AUTHORIZED AND ACCEPTED: I certify that I am the vehicle owner and hereby authorize Chesapeake Collision to
incur costs and make repairs as specified in the original estimate as well as any supplemental estimate(s) necessary to completely repair the vehicle described above.
I understand that payment is due in full prior to release of the vehicle, including any and all additional supplemental charges, and I acknowledge the existence of an express mechanic’s lien on the vehicle until Chesapeake Collision has been paid in full for the total repair cost.
NO CASH, PERSONAL CHECKS OR AMERICAN EXPRESS WILL BE ACCEPTED.
I grant permission to Chesapeake Collision and its employees and agents to operate my vehicle as advisable for the repair, testing, transportation, and/or inspection. I agree that Chesapeake Collision shall not be responsible for any damage or loss to the vehicle, or any contents left therein, including but not limited to loss by fire, theft, accident, or any other cause. Further, I agree that Chesapeake Collision is not responsible for the replacement of vehicle parts/
components that fail during the course of the repair and that are unrelated to the repairs being performed (e.g., dead battery, seat or window motors, or other components that are subject to wear and tear). I acknowledge and agree that
Chesapeake Collision may choose to use upgraded parts from those written in the repair estimate in its sole discretion and at its own cost to expedite the repair process. I understand that any old and/or replaced parts removed from the
vehicle will be disposed of by Chesapeake Collision, unless otherwise indicated below.
I understand that Chesapeake Collision has multiple locations and occasionally transfers vehicles to another of its locations for repair when authorized to do so by the vehicle’s owner. All relocation of vehicles between Chesapeake
Collision’s shop locations is performed at Chesapeake Collision’s sole expense and may result in a shorter repair time.
All vehicles will be returned to the original shop location when ready for pick up. I authorize Chesapeake Collision to transport my vehicle to another of its locations, if needed.

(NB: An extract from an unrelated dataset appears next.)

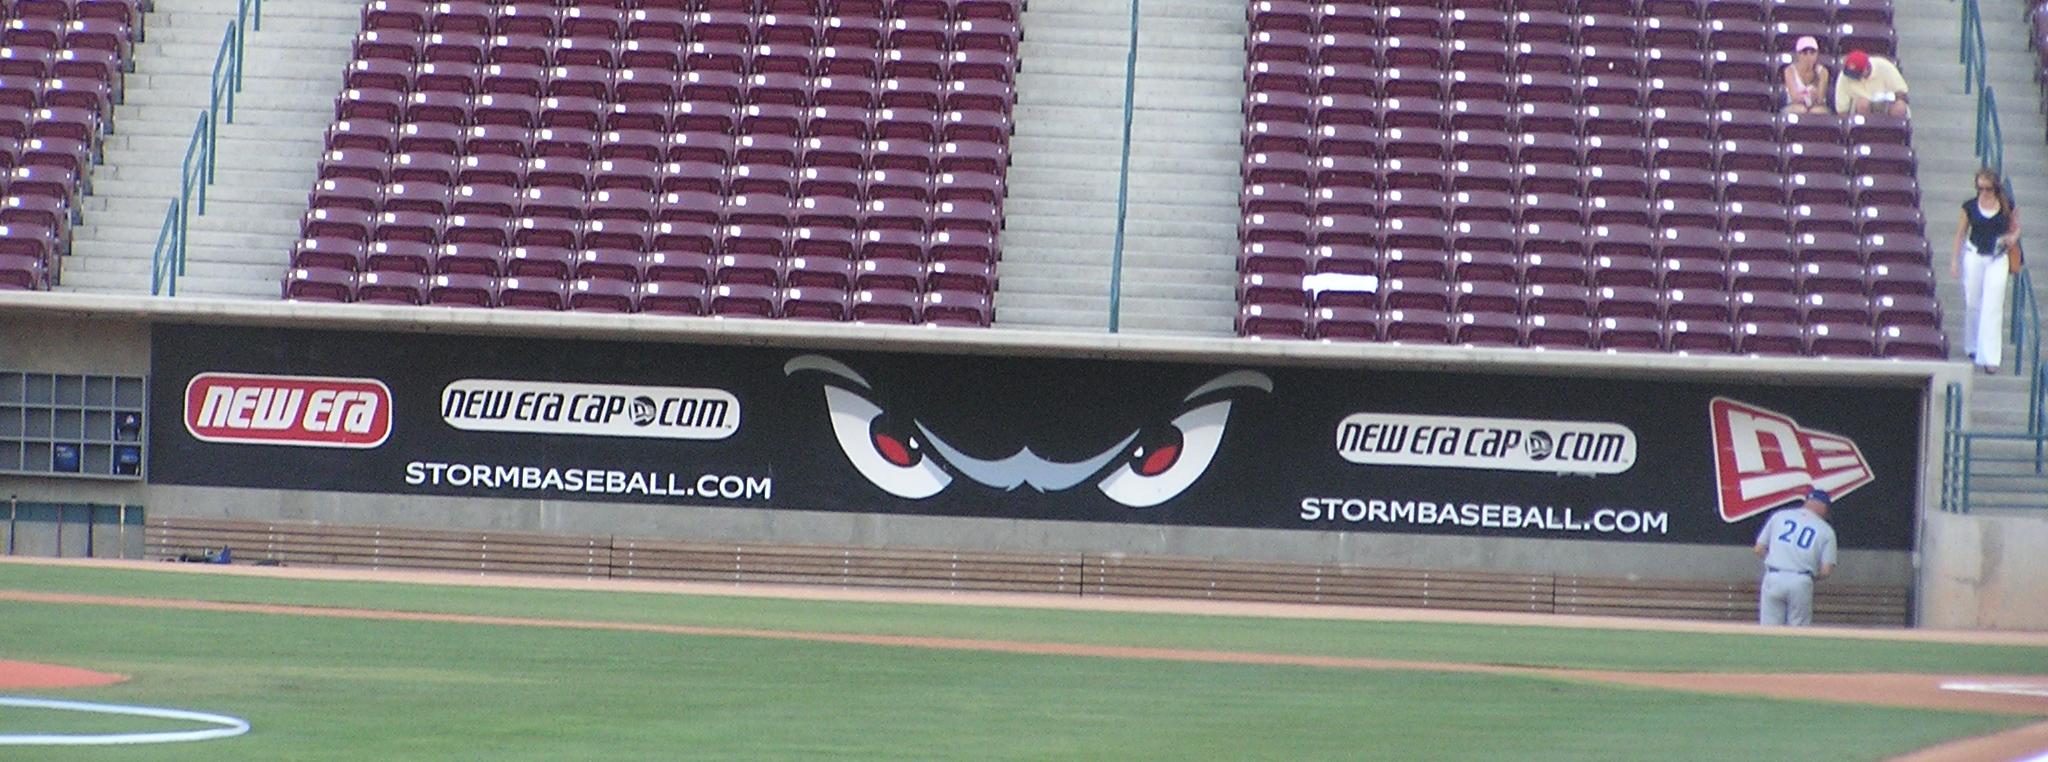 The best dugout wall in baseball!!! Lake Elsinore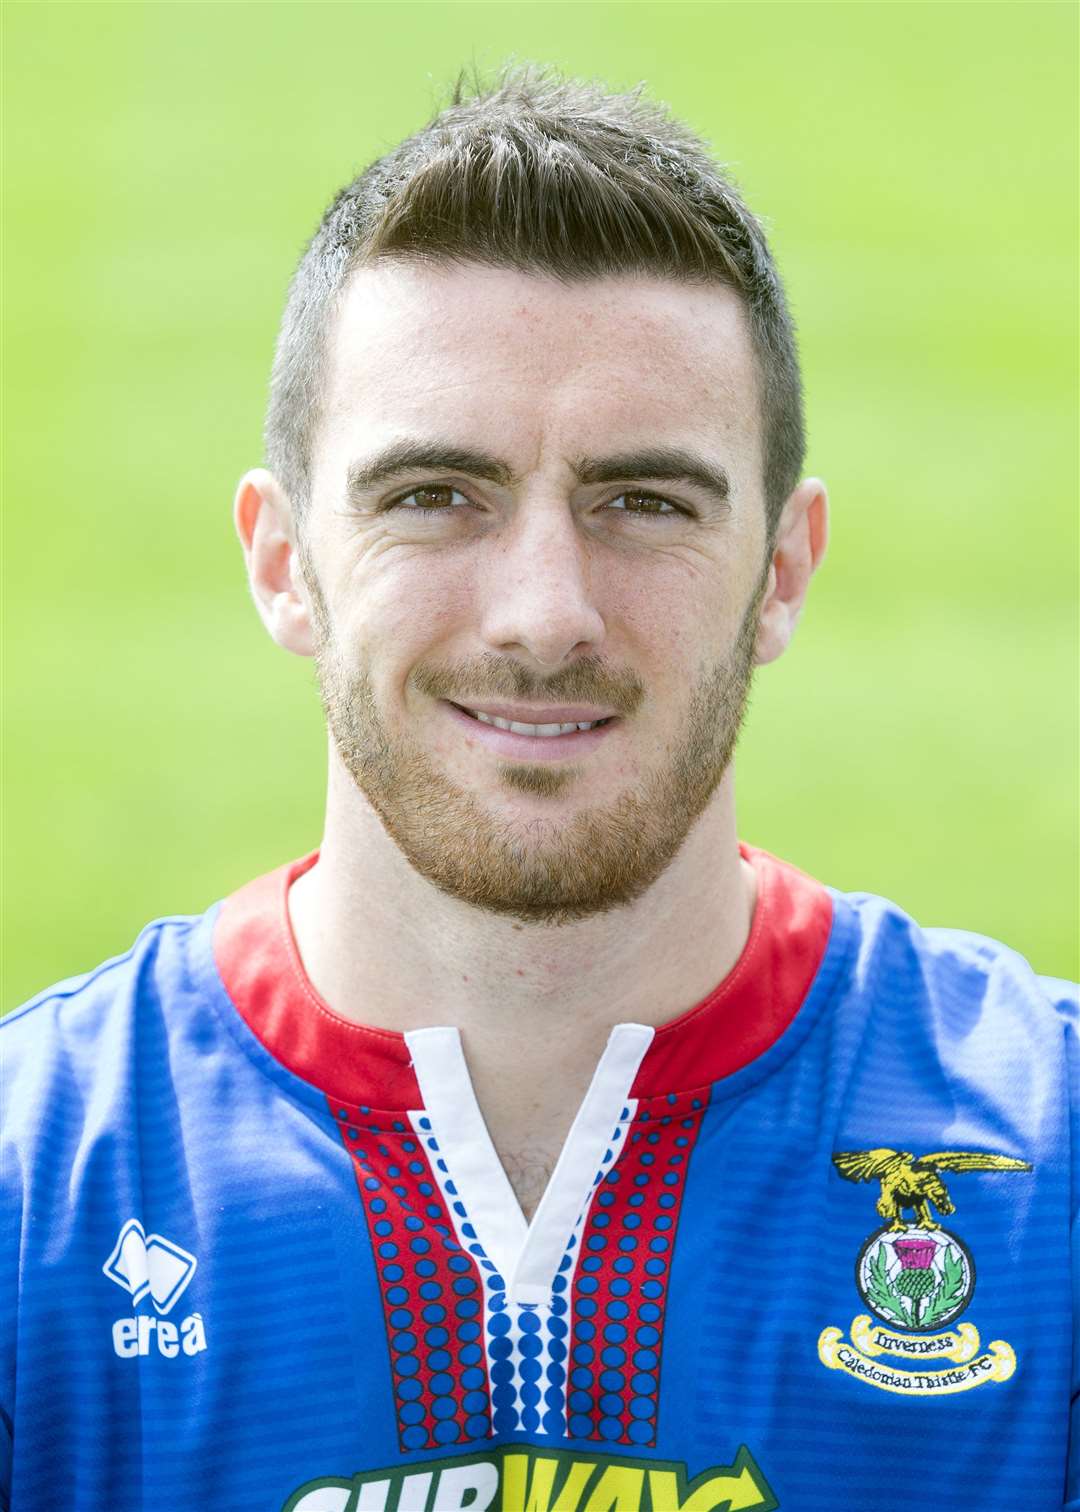 Ross Draper played 170 games for Caley Thistle between 2012 and 2017.

DIRECTION TO PAY:I authorize the insurance company indicated below to make payment to Chesapeake Collision directly on my behalf. I further authorize Chesapeake Collision to act as Power of Attorney to sign on my behalf any insurance checks issued to pay for the repair of the vehicle identified above.
I confirm that I have not received any payment from the insurance company except as listed below and agree to remit promptly all insurance payments I receive to Chesapeake Collision. NOTE: Insurance checks cashed and later paid by credit card will incur a 3% convenience fee.